- Lane circa 1989
- Born: John Kennedy Oswald February 1, 1964 Akron, Ohio, U.S
- Died: August 11, 2011 (aged 47) Los Angeles, California, U.S.
- Occupations: Singer, songwriter
- Years active: 1982–2011
- Spouse(s): Bobbie Brown ​ ​(m. 1991; div. 1993)​ Rowanne Brewer ​ ​(m. 1996; div. 2005)​ Kimberly Nash ​(m. 2011)​
- Children: 2
- Musical career
- Genres: Glam metal; hard rock; heavy metal;
- Formerly of: Warrant; Saints of the Underground;

= Jani Lane =

American rock singer (1964–2011)

Jani Lane (/ˈdʒeɪni/ JAY-nee; born John Kennedy Oswald; February 1, 1964 – August 11, 2011) was an American singer and the lead vocalist, frontman, lyricist and main songwriter for the glam metal band Warrant.

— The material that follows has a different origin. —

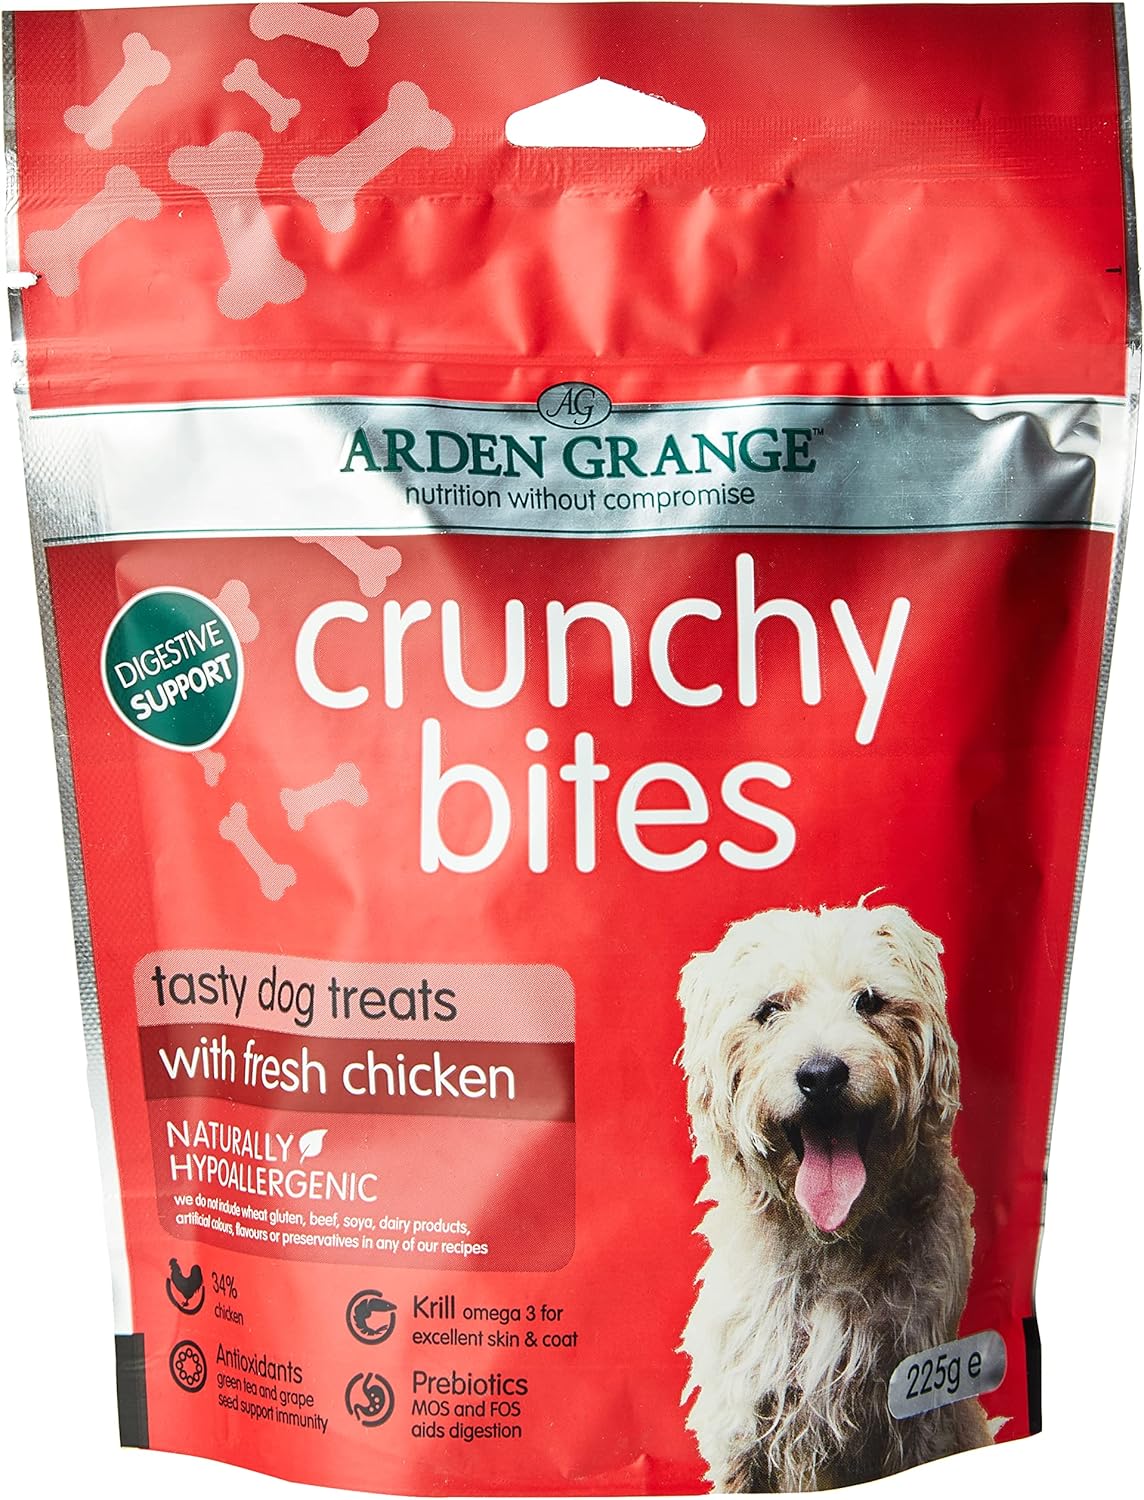 Arden Grange Crunchy Bites Dry Dog Treats Chicken, 225 g?CCB8703

From Hollywood, California, the band experienced success from 1989 to 1996 with five albums reaching international sales of over 10 million. Lane left Warrant in 2004 and again in 2008 after a brief reunion. Lane also released a solo album, Back Down to One, in 2003, and the album Love the Sin, Hate the Sinner with a new group, Saints of the Underground, in 2008. Lane contributed lead vocals and songwriting to various projects throughout his career.

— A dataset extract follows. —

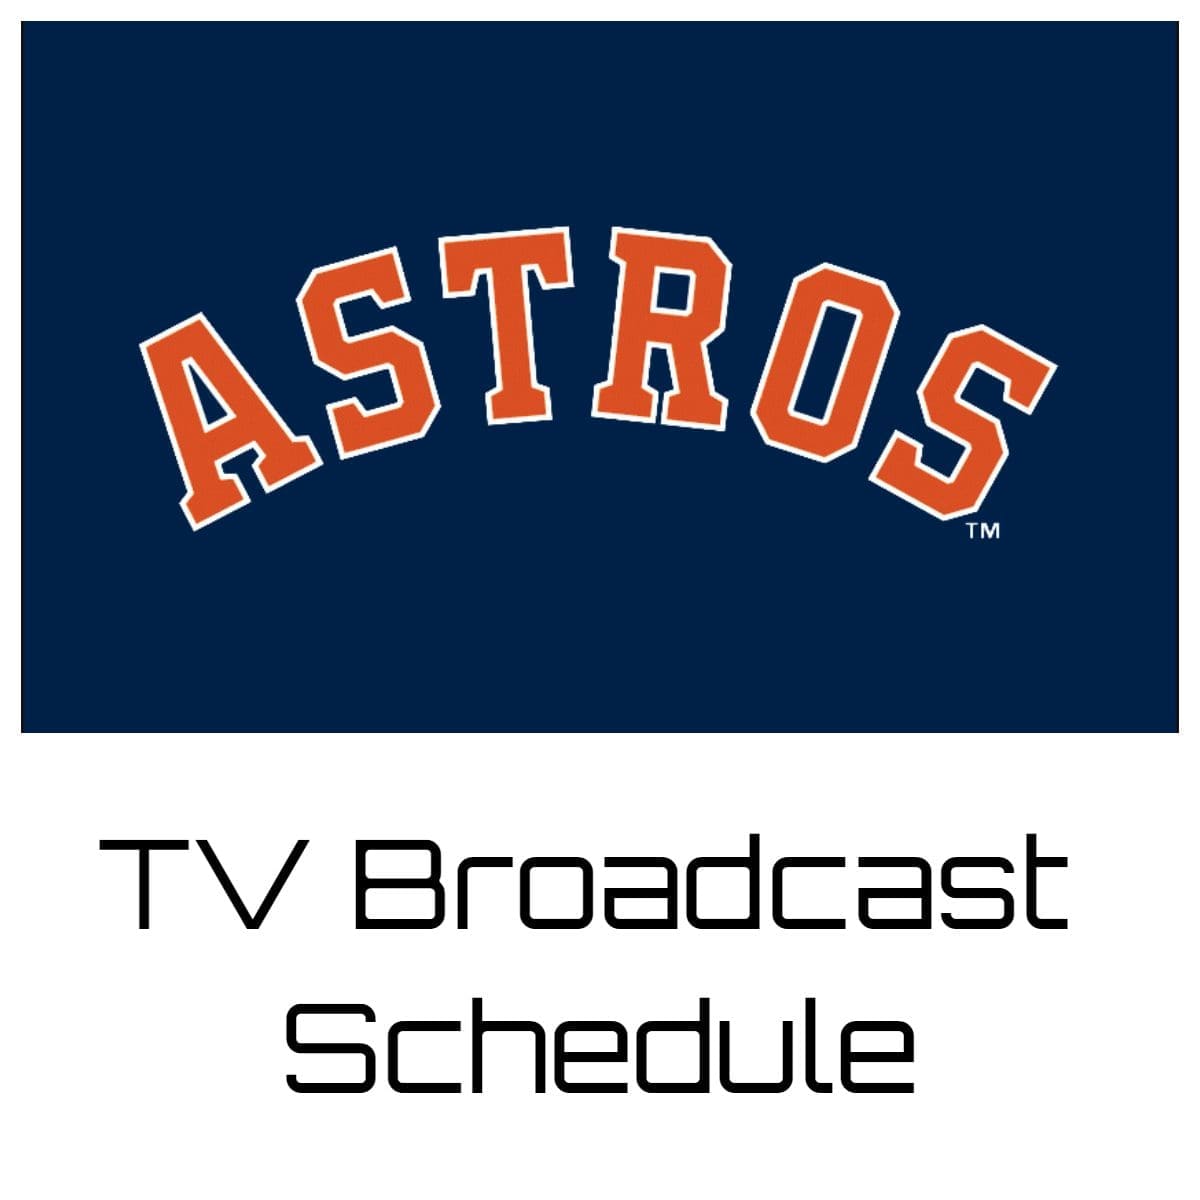 Houston Astros TV Broadcast Schedule

== Early life and career ==
Lane was born John Kennedy Oswald (later changed to John Patrick Oswald), on February 1, 1964, in Akron, Ohio to Robert and Eileen Oswald. He was raised in Brimfield with four older siblings: sisters Marcine Williams, Michelle Robinson and Victoria Ley, plus older brother Eric, already an accomplished guitarist. With sisters Micki and Vicky and brother Eric harmonizing and playing guitar, Lane taught himself to play drums, guitar and piano by ear by age five. He grew up listening to Cleveland rock station WMMS (100.7 FM "The Buzzard") and was introduced to a variety of music by his older siblings.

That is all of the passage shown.